Nuclear secrets are the most secret secrets of all, the news has recently reminded us. And the Manhattan Project—the quest to create the first atomic bomb—was super secret, with even plenty of people connected to it not knowing what it really was. And yet the project was infiltrated by Soviet informants. Multiple Soviet informants. 

Spy number one: Theodore Hall, born Theordore Holtzberg, because he was the son of Russian-born Barnett Holtzberg, who’d fled Russia to avoid persecution. Hall graduated high school at 14, graduated Harvard at 18, and was recruited to the Manhattan Project at 19. His Soviet codename was Mlad, or “Youngster.” 

Hall became a spy through his college roommate, Saville Sax (whose codename was “Oldster,” despite just being one year Hall’s senior).

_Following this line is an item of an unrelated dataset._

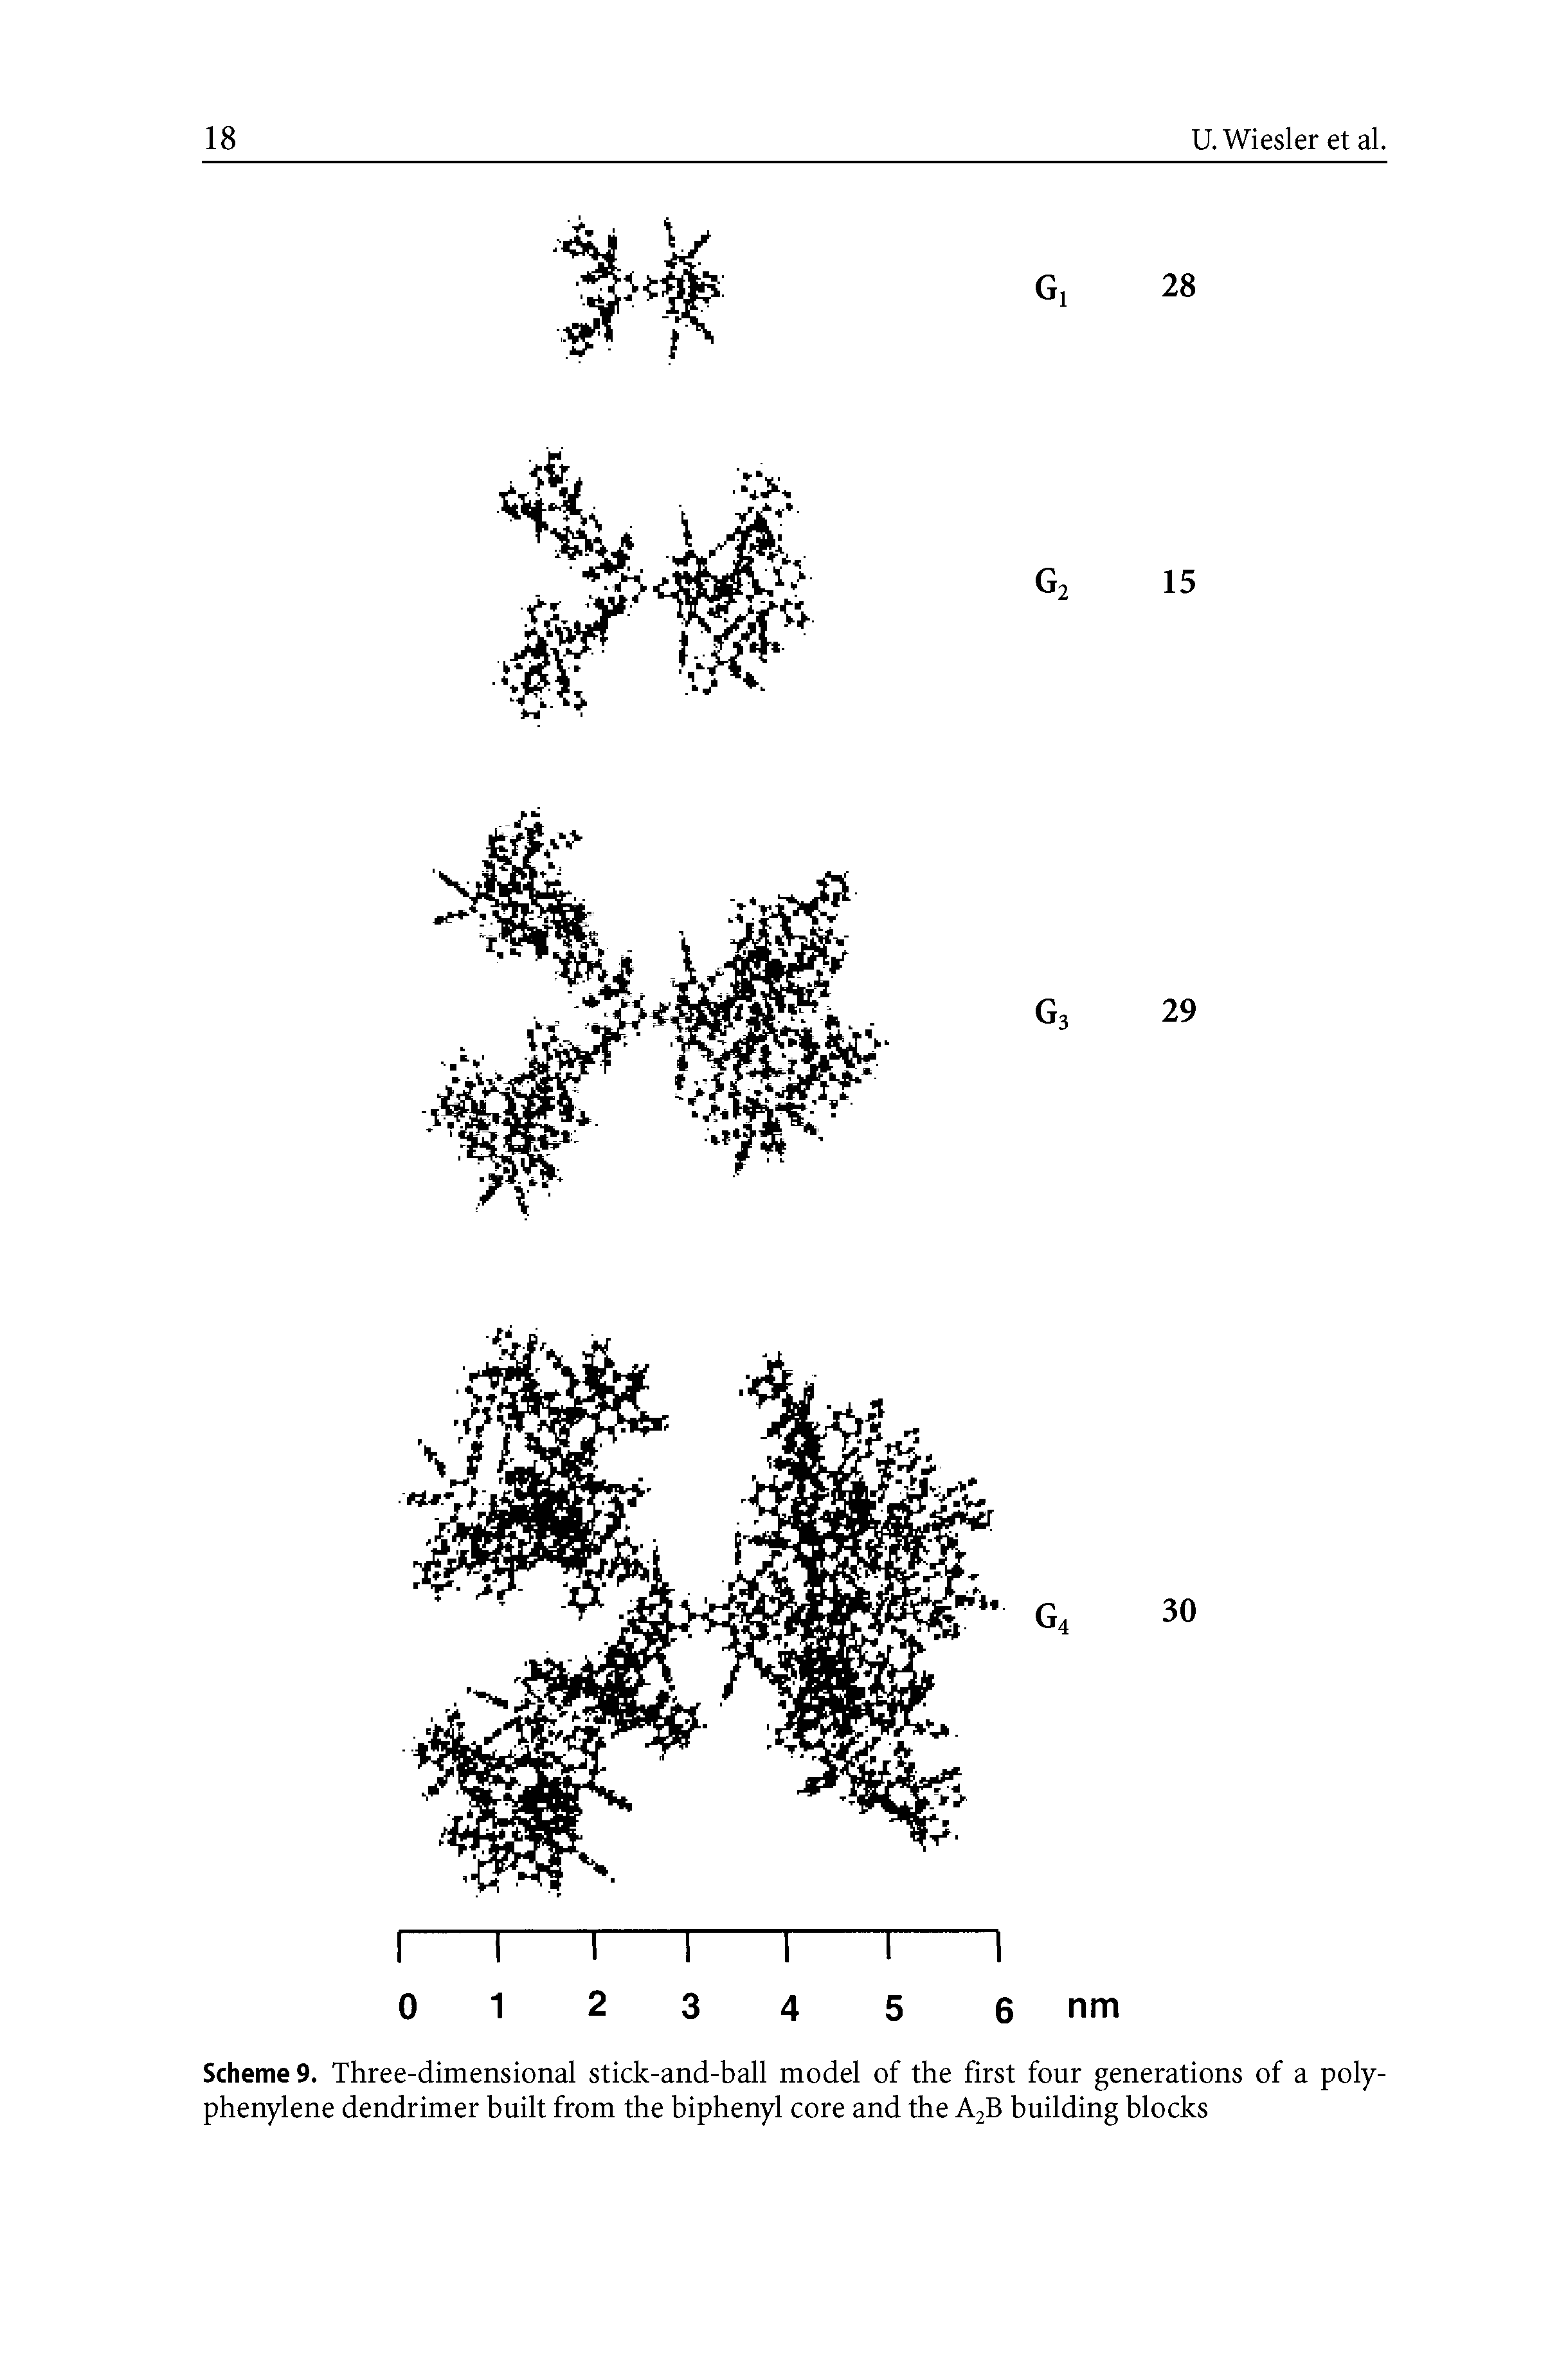 Scheme 9. Three-dimensional stick-and-ball model of the first four generations of a polyphenylene dendrimer built from the biphenyl core and the A2B building blocks...

Sax’s parents were both Russian, and his mother was in a secret Communist group. Hall asked him to arrange a meeting with the KGB, and Hall showed up at this very first meeting with nuclear research documents. He went on passing along info throughout his time with the project, and though the FBI opened an investigation on him in 1951, they didn’t arrest him. The FBI released the evidence they had on him in 1995, and he publicly confessed in 1998, receiving no punishment. 

Another spy at the project, Klaus Fuchs actually was tried and convicted in 1950. Fuchs came from Germany to Britain as a refugee in 1933. Britain stuck him in an internment camp in Canada. He came back to Britain, became a nuclear scientist, got transferred to Columbia University, then joined the Manhattan Project. 

Fuchs too approached the Soviets to become a spy, and the info he passed along was serious stuff: He taught the Soviets how to process uranium. The British discovered he was a spy and sentenced him to 14 years. He was guilty of espionage but not treason—remember, the Soviets were working with the US and the UK at the tail end of World War II.

Hall and Fuchs never worked together, and during their time on the Project, neither knew the other was a spy. They were just two of the Soviet spies on the Project; there were others as well. There was David Greenglass (brother to Ethel Rosenberg, who was famously executed for espionage, along with her husband), and then there was Oscar Seborer, who was only confirmed as a spy in 2019. Today, no reputable source on the Manhattan Project definitively states how many spies infiltrated it. We have to assume even more may have, undetected.